Infobae Cultura publica “El peligro de contar una vida”, el discurso completo de la escritora y traductora durante el acto realizado en el Palacio Errazuriz en la noche del jueves

>En los años cincuenta del siglo pasado, había un maestro tatuador en Inglaterra que se llamaba George Burchett. Era la máxima autoridad en su oficio, un hombre práctico y aventurero, que atendía en el East End de Londres con delantal de médico. Reyes, aviadoras, oficinistas y divas de cine: todos querían sus tatuajes, y él los atendía sin perder el temple. Por su camilla pasaron el señor que tenía artritis y se dibujó bisagras en las articulaciones, el hombre momia, el hombre cebra y el matón que se estampó un mandala de flores en la cara. Los clientes le llevaban una idea y él la hacía realidad. Pero cuando se sentó a escribir sus memorias, las manos le empezaron a temblar.

A Burchett le daba miedo “estropear las cosas”. Los amigos le decían que con todas las anécdotas que conocía, el libro estaba asegurado. Pero él contestaba “vamos, no me vengan con eso”, y les hablaba de fútbol y del clima para que lo dejaran pensar tranquilo. Ya había sentido algo parecido a los trece años. Se había escapado de casa para ir a Japón, a formarse con los grandes tatuadores. Pero cuando llegó al puerto de Kobe y vio la bahía desde un barco, notó que los tatuajes que lo habían llevado hasta ahí eran poco y nada comparados con ese lugar. Ese día, se dijo: “hay cosas que siempre van a estar del otro lado de la vidriera”. Y ahora, a los ochenta años, puesto a escribir sus memorias y las de toda esa gente, volvía a ser el mismo novato de la adolescencia.

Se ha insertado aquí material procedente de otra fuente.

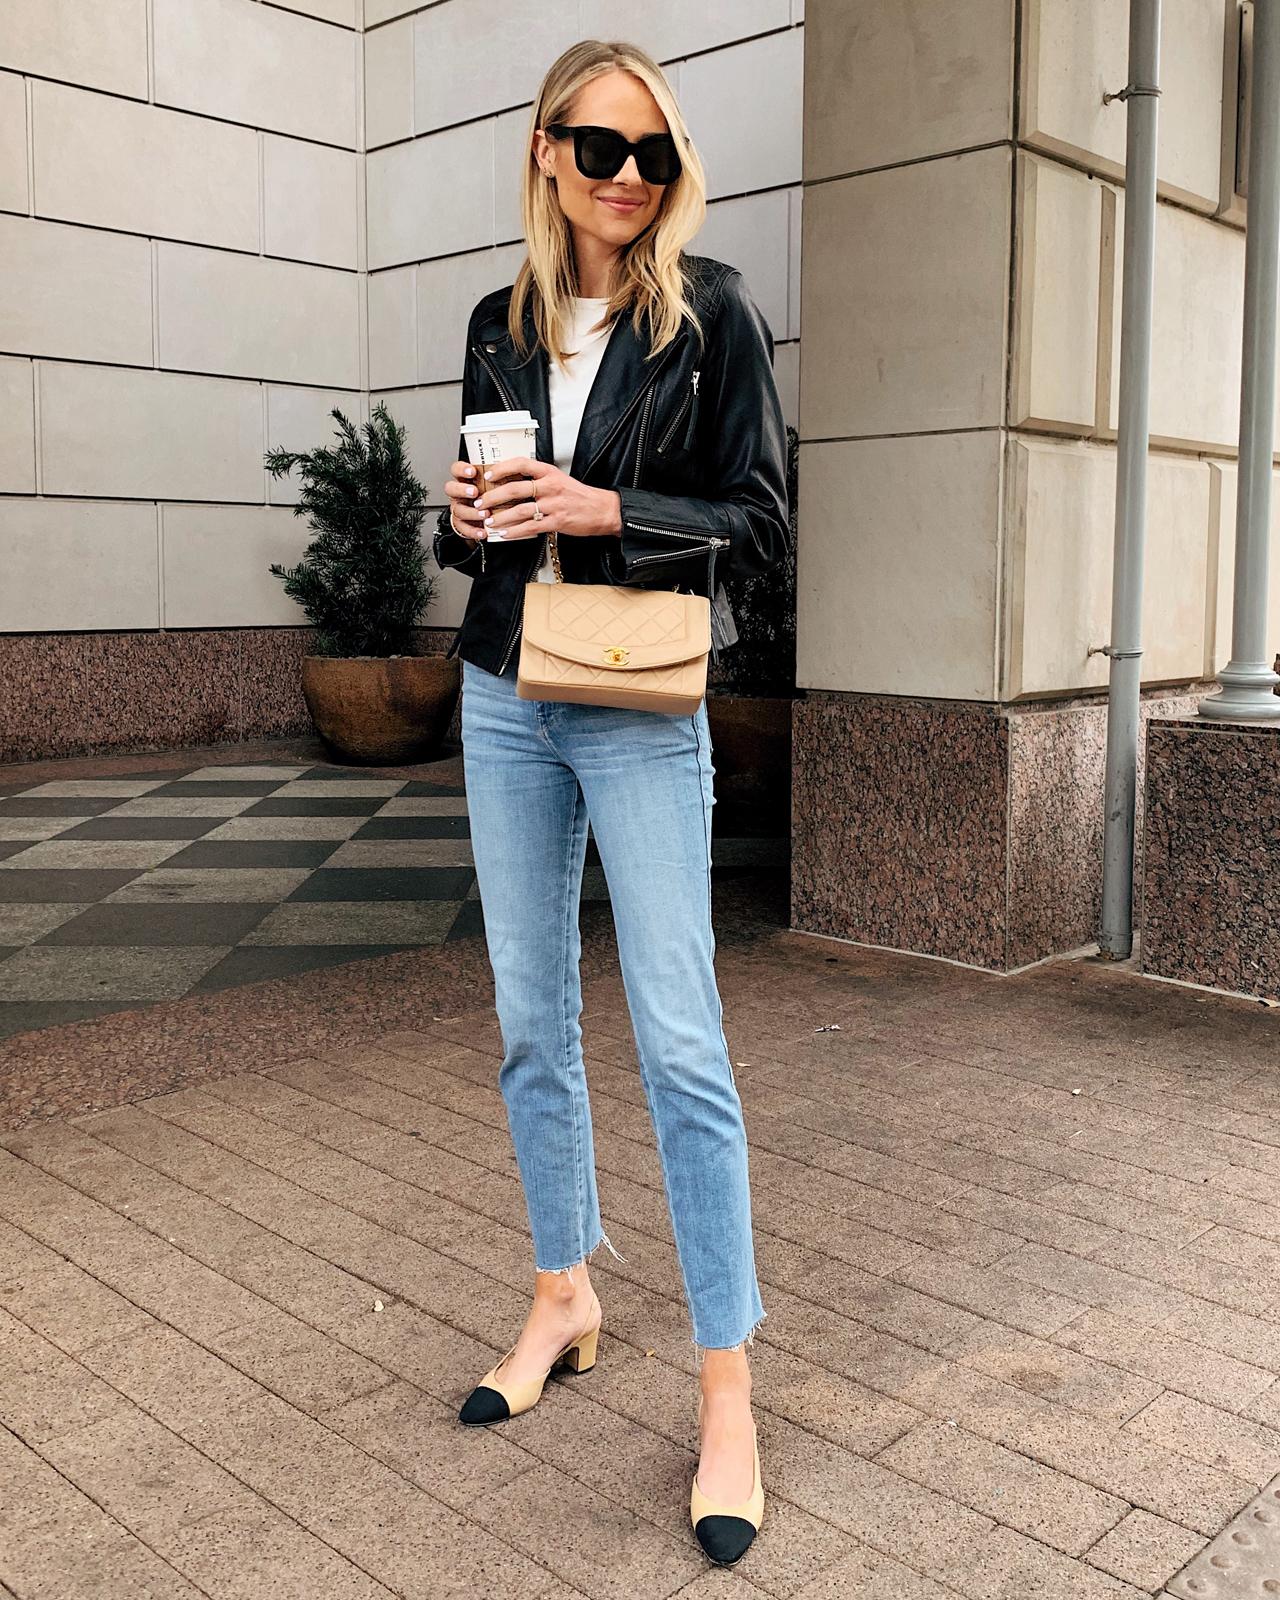 Fashion Jackson Topshop Black Leather Jacket White Top Frame Raw Hem Jeans Chanel Slingbacks Chanel Beige Classic Handbag
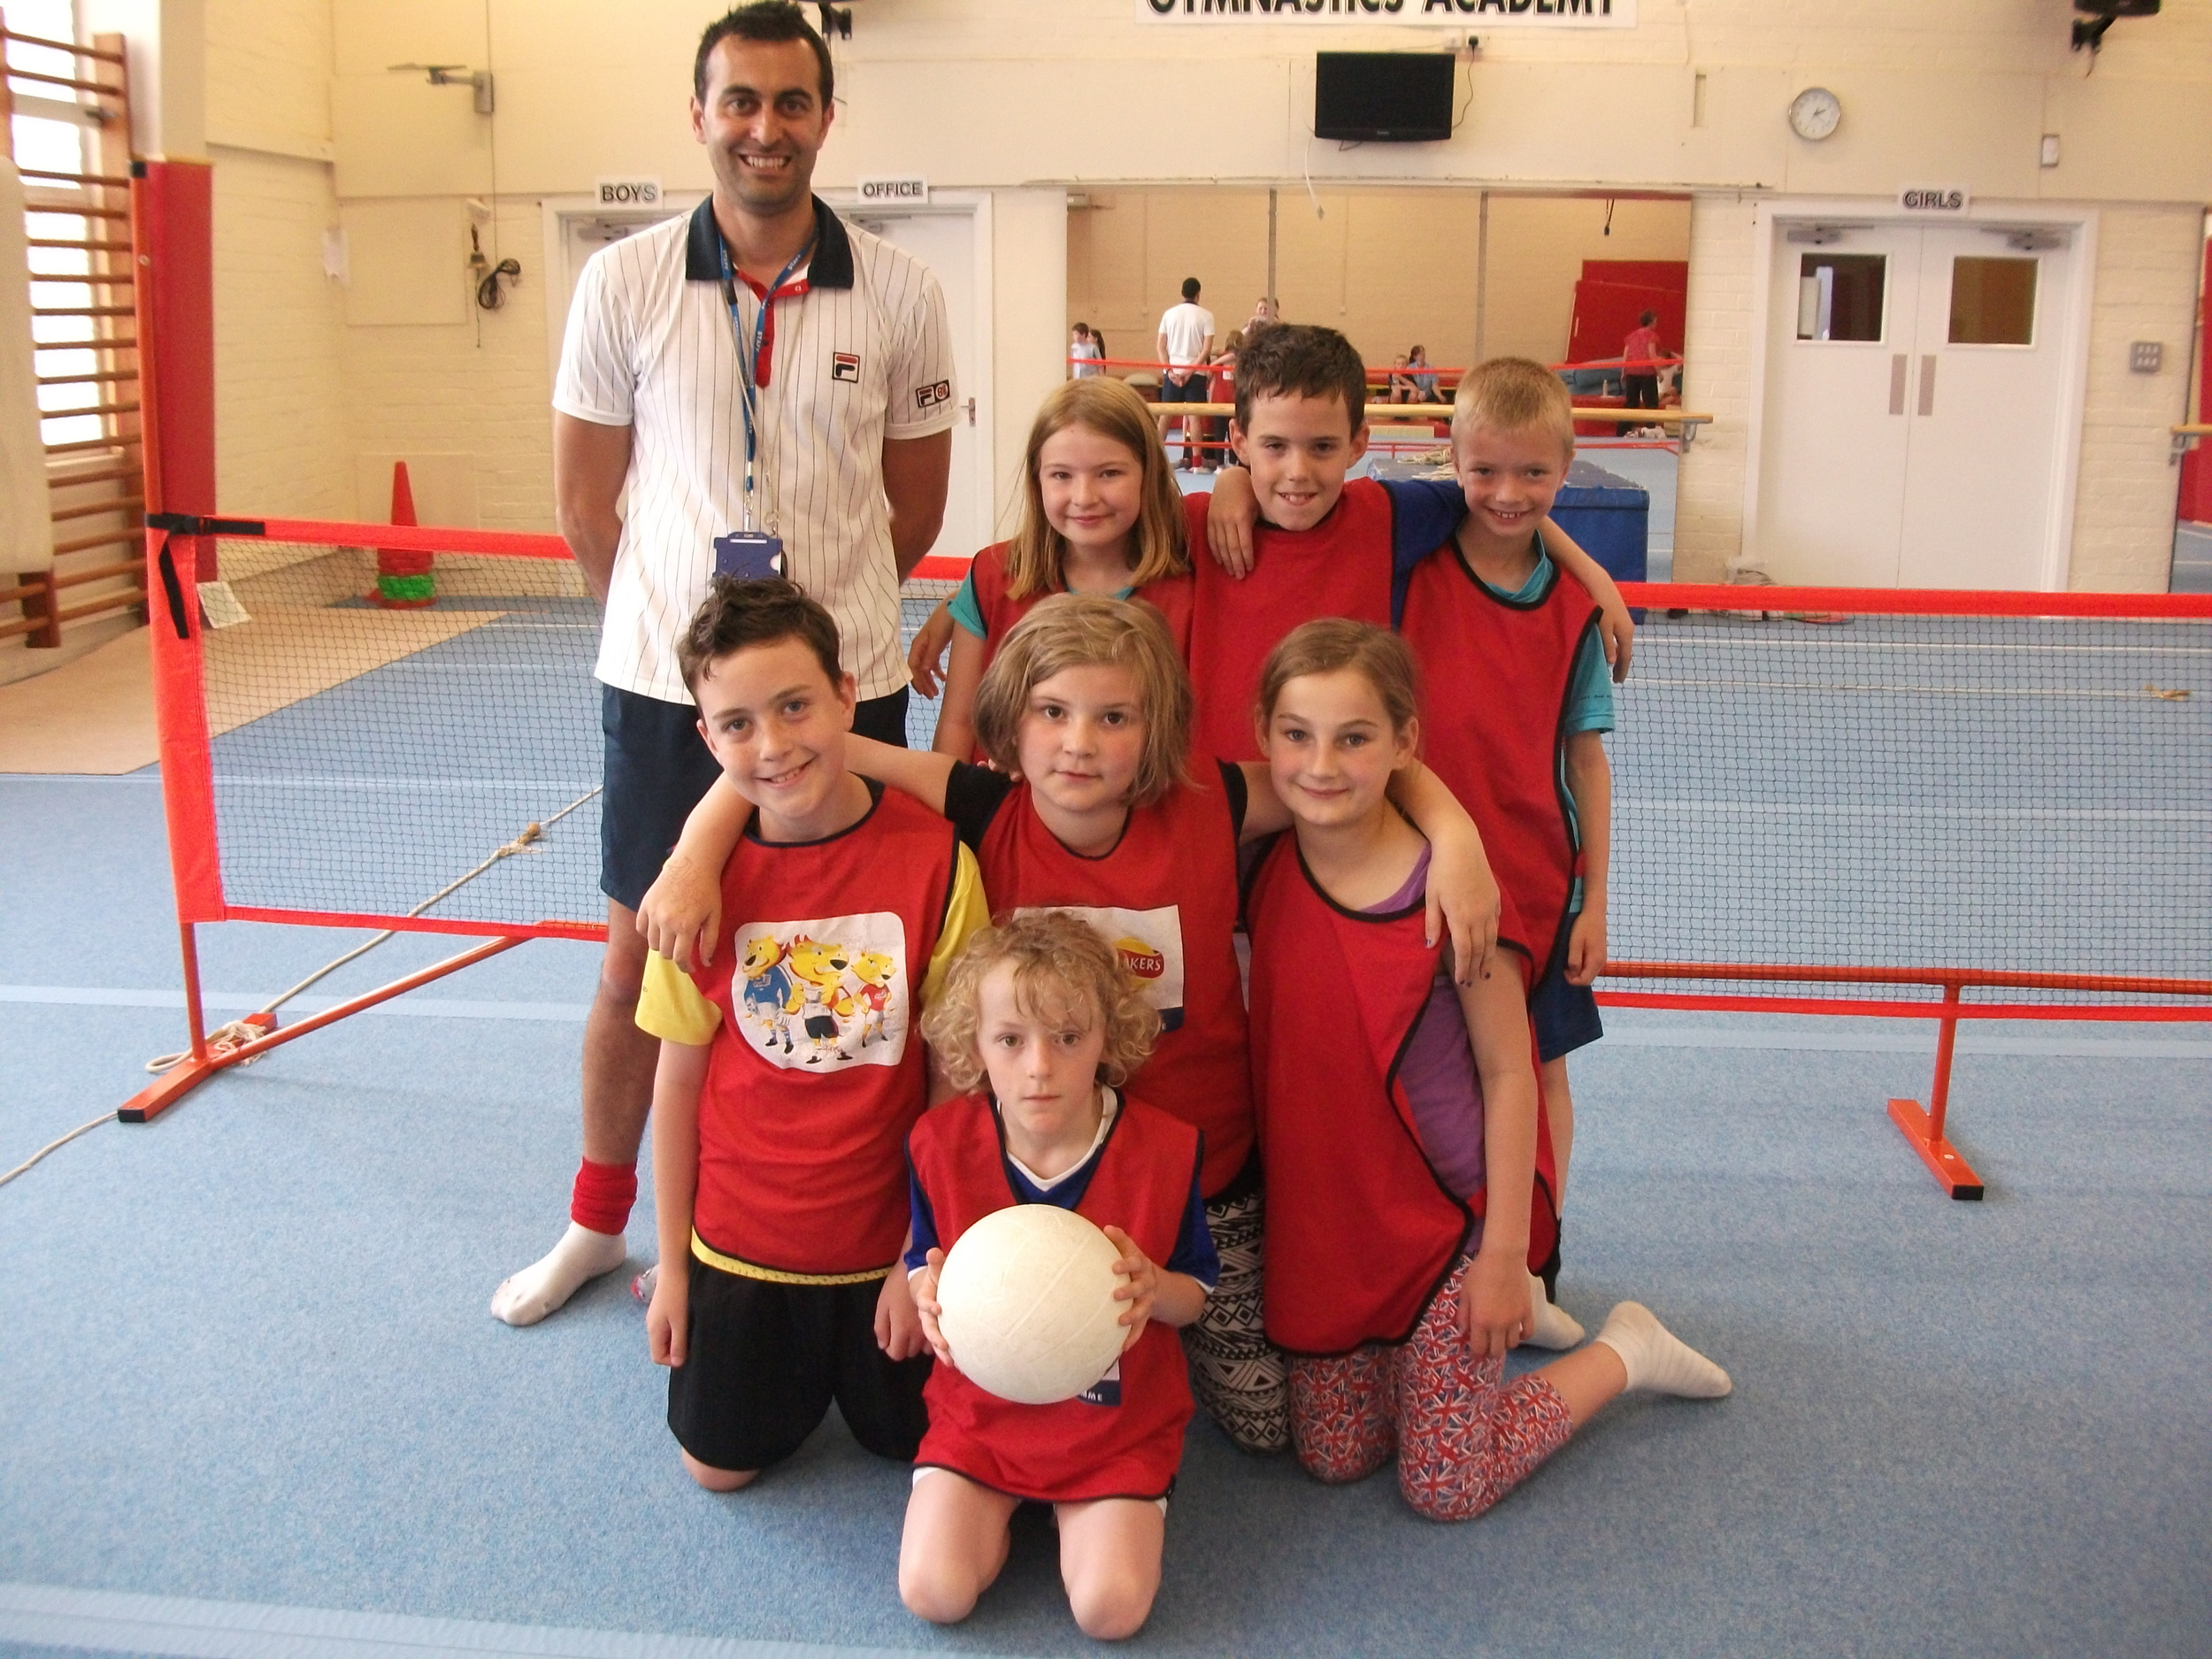 Volleyball2012.JPG

Virginia Woolf creía que los momentos vividos con intensidad deben seguir existiendo en alguna región paralela y que debe haber un dispositivo que una pueda conectar, como un enchufe a una pared, para escuchar lo que hay del otro lado. Escribía los recuerdos de su infancia palpando esa pared. Richard Holmes prefiere la imagen del puente roto. Otros, la de una figura que se va animando mientras la persiguen, como un juguete a fricción. Hermione Lee pregunta de dónde vienen estas comparaciones con el espionaje, el contrabando y la magia. ¿Por qué hacen falta? ¿Qué tratan de expresar? En el prólogo de una biografía, un autor dice que querría filmar por dentro las cartas y las fotos de su biografiada. Reiner Stach, biógrafo de Kafka, quisiera vivir lo que pasó tal como lo vivieron las personas que estaban presentes en el momento. Le gustaría ser Franz Kafka. Pero sabe que es imposible.

Para escribir una vida se necesita un poco de audacia, igual que para vivir. Será por eso que en los cementerios hay tantas lápidas con un nombre, dos fechas y nada más. Las biografías y las memorias no solo cuentan una vida. La cuentan y la transmiten. No solo nos conectan con el pasado, el único lugar que por definición se queda siempre sin señal. Logran lo que quería Borges: un individuo despierta en otro individuo recuerdos que no pertenecieron más que a un tercero. En eso se parecen a las traducciones, otra manera de hacer literatura que reconoce a un ausente y trata de escucharlo. No existirían sin esa colaboración. Así, estos libros tímidos, que en general pasan desapercibidos, son las más raros que hay.

Dicen que en las librerías de usado, las memorias y biografías venden bien. No están subrayadas ni tienen comentarios inteligentes y cultos al margen, como si ahí no hubiera nada que aprender. Pero cualquiera que trate de contar una vida, aunque sea con un simple ejercicio, descubre que son un arte, con su problemas y desafíos específicos. ¿No decía Felisberto Hernández que la calidad de un ser depende de las preguntas que le hace a la vida?

Cuando leía biografías inocentemente, creía que el tiempo se organizaba de esta manera: el pasado estaba atrás, el futuro estaba delante y yo estaba en el medio. A los veinte años, mientras cursaba Psicología en la facultad, me anoté en un taller literario y el profesor, con una sagacidad que ahora me parece un poco diabólica, nos pidió que escribiéramos un par de carillas con la semblanza o vida de alguien que conociéramos. Nos dio una semana, y desde ese momento las horas empezaron a correr. Esa misma noche, cuando me senté a hacer el ejercicio, el pasado perdió entidad y el futuro y el presente se esfumaron. En la vida que yo quería contar, no había una secuencia organizada del tiempo, como había supuesto. Me encontraba mirando un pozo sin fondo, intrigante y confuso. Se había abierto el portal de la vida verdadera: la división del tiempo en etapas era una pura convención narrativa. Pero igual insistí, con la esperanza de que podía crear mi propia desorganización legible.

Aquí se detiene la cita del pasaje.